Facebook e la sicurezza dei dati

Privacy Facebook: nuova violazione per il social

Sappiamo tutti quanto sia stata criticata la privacy Facebook fin dai suoi esordi.

In fondo, le riserve nei confronti di una piattaforma che rende più o meno pubblici dati e informazioni degli utenti sono sempre state tante e noi stessi ne abbiamo parlato già in precedenza, eppure è di pochi giorni fa una notizia relativa proprio alla tanto chiacchierata privacy Facebook.

Secondo quanto riportato dai giornali online, sono stati esposti i dati di 267 milioni di utenti Facebook.

A scoprire la violazione è stata la società di sicurezza Comparitech, la quale ha trovato un database online contenente i dati degli utenti del social network, liberamente consultabile e scaricabile, e ne ha dato notizia sul proprio sito.

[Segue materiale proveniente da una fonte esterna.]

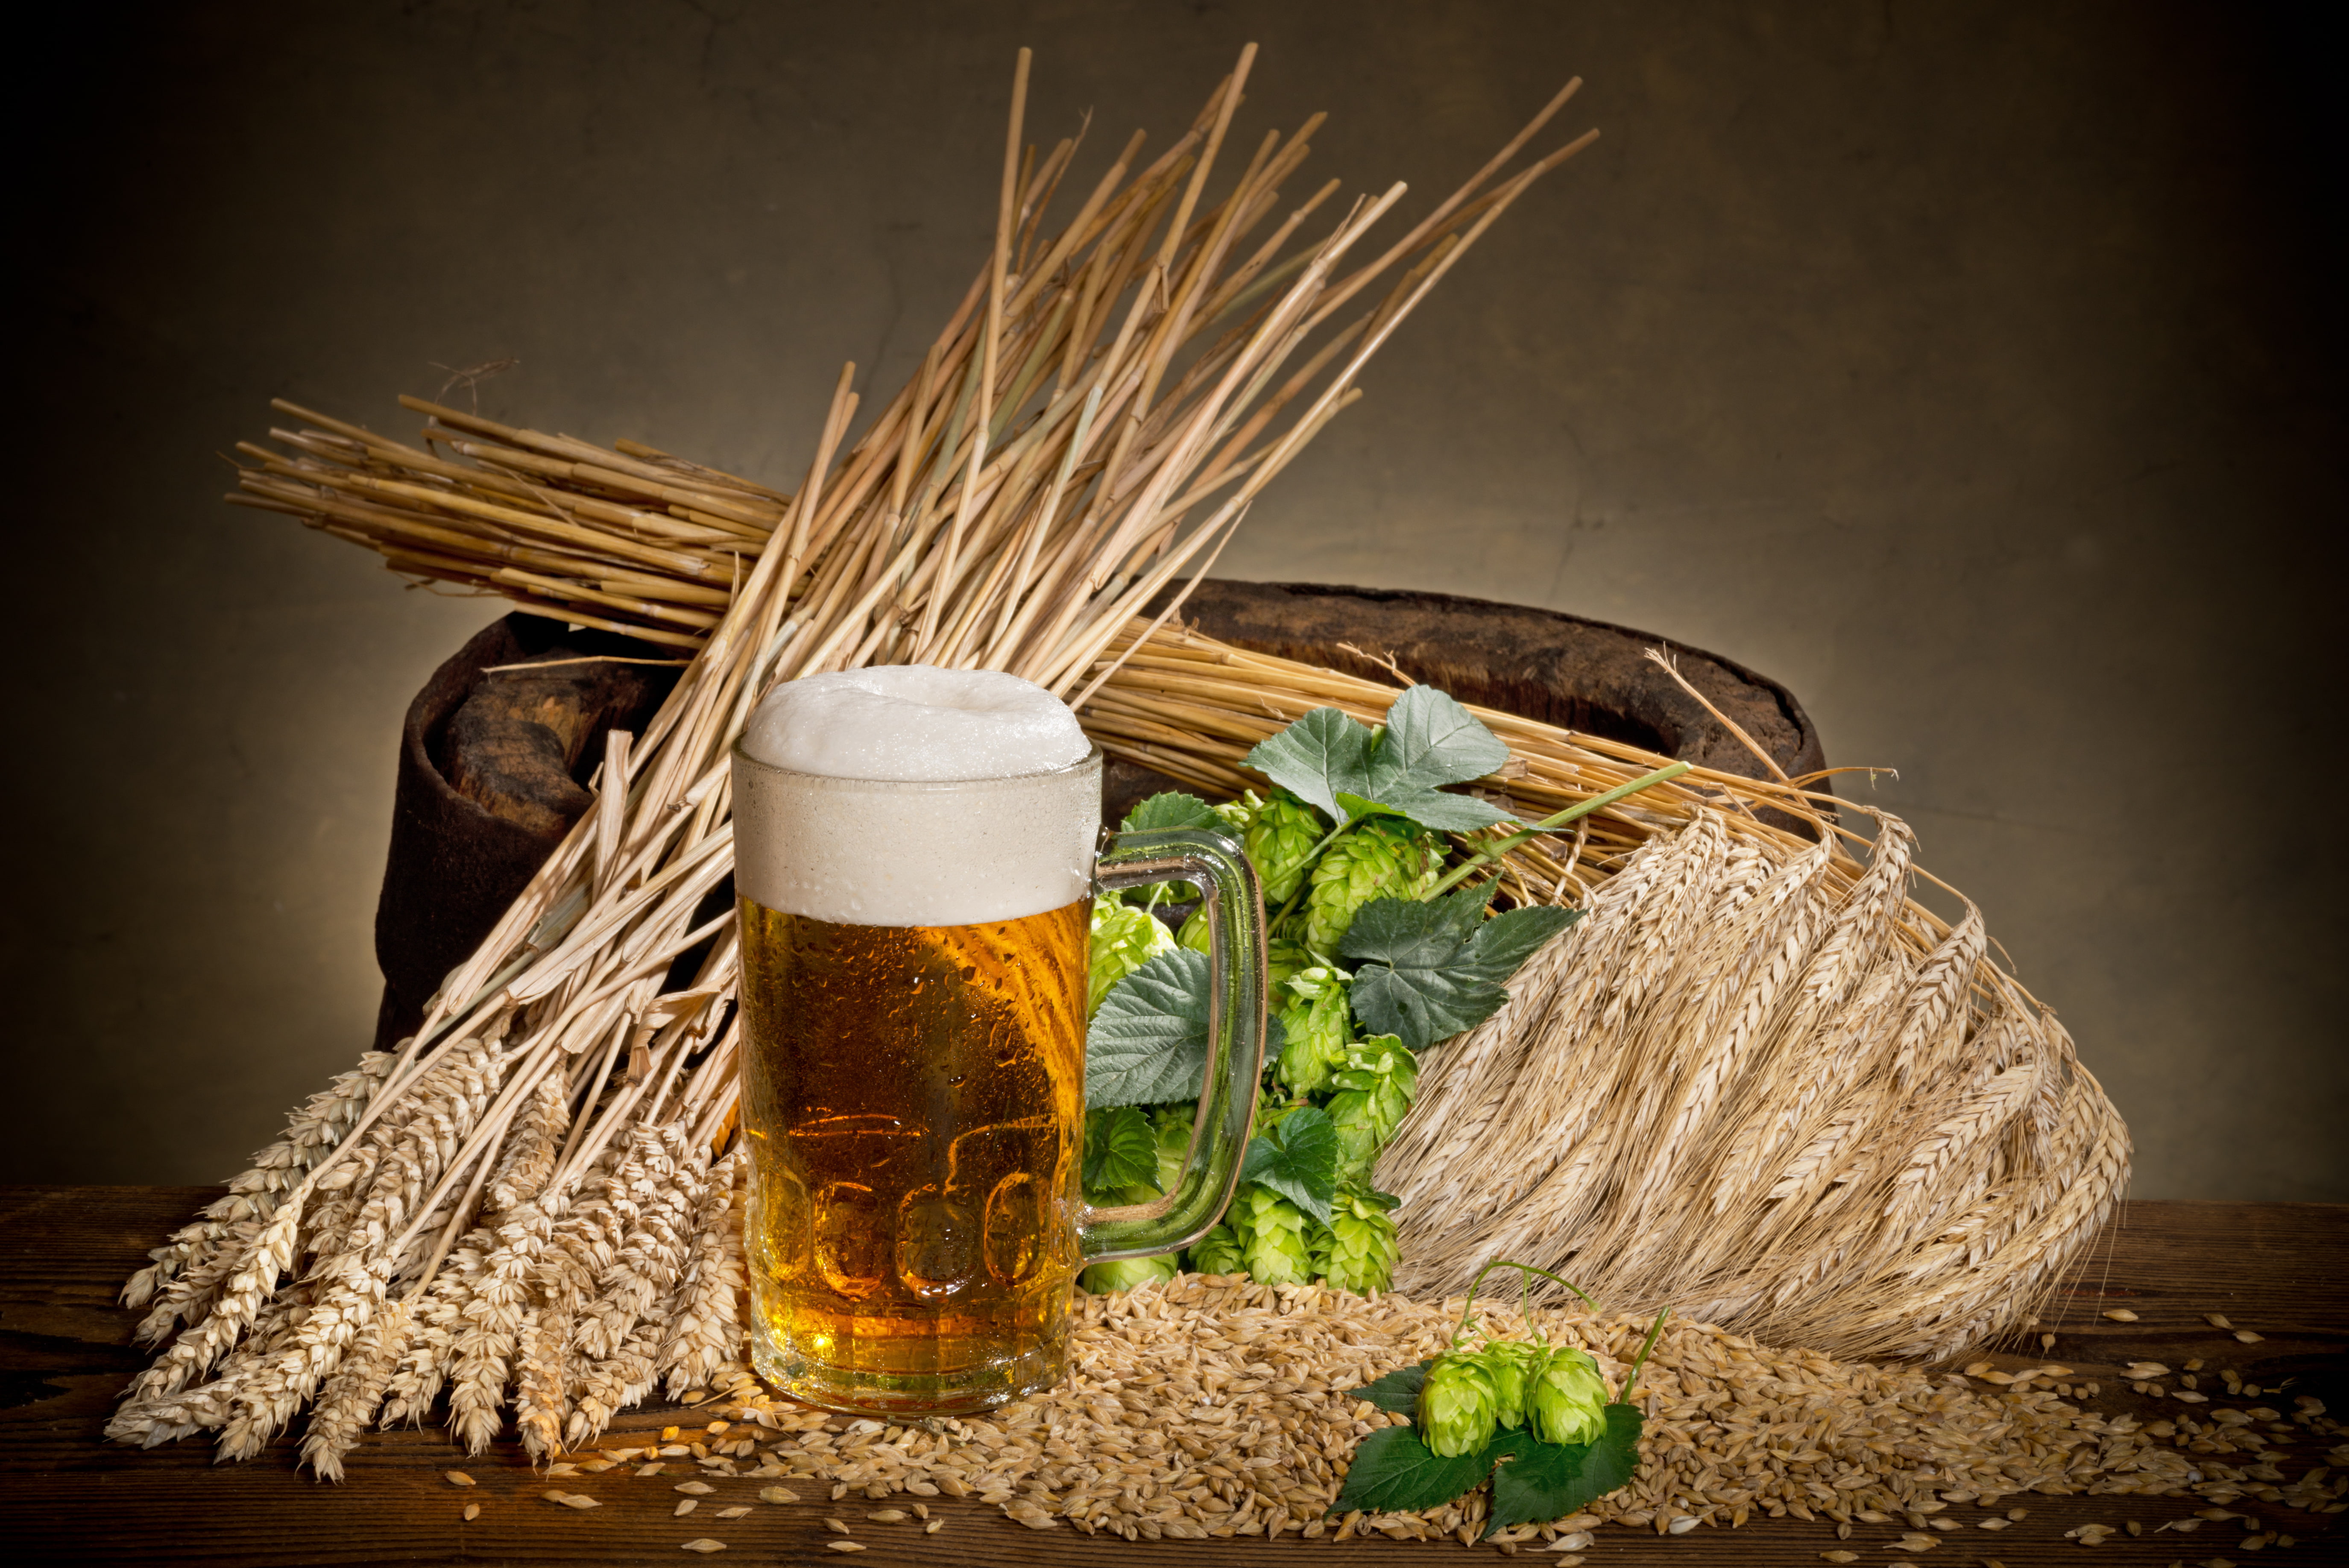 malt beer glass, millet, hops

Ma cosa c’era in questo archivio?

Nel database era possibile reperire informazioni quali user ID, ossia ciò che identifica l’utente, il suo nome e il suo numero di telefono.

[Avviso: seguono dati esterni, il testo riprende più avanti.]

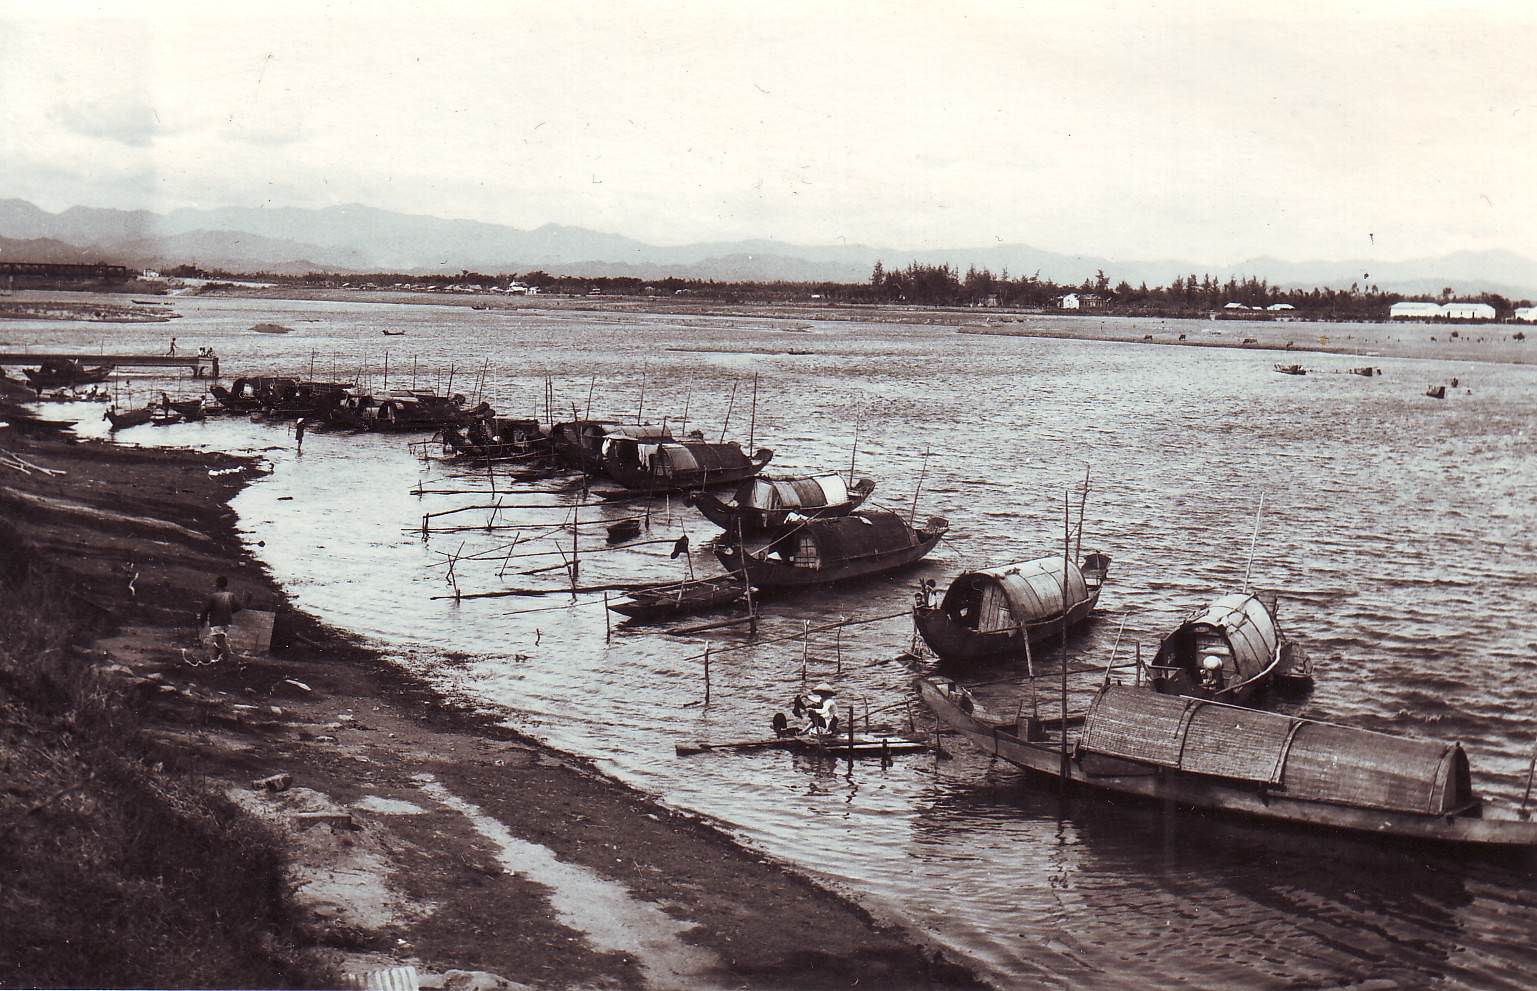 Ghe thuyền trên sông Thạch Hãn gần TP Quảng Trị 1967

Si tratta dell’ennesimo clamoroso caso per il social di Mark Zuckerberg in cui si è verificata un’esposizione indesiderata dei dati personali degli utenti.

Responsabile di questa nuova fuoriuscita di informazioni è stato un attacco haker, che ha reso possibile consultare online un’enorme mole di informazioni private degli utenti Facebook.

La consultazione poteva avvenire in modo del tutto libero, senza richiesta di identificativi né tanto meno di una password.

Questo enorme database è stato disponibile in rete dal 4 al 19 dicembre, per ben due settimane, fino a quando i ricercatori della Comparitech hanno effettuato la relativa segnalazione al provider su cui era ospitato e che ha deciso di rimuoverlo.

Una violazione davvero significativa della privacy degli utilizzatori del social più famoso e utilizzato al mondo, soprattutto se si considera che il database, oltre ad essere online, era anche scaricabile da un forum hacker.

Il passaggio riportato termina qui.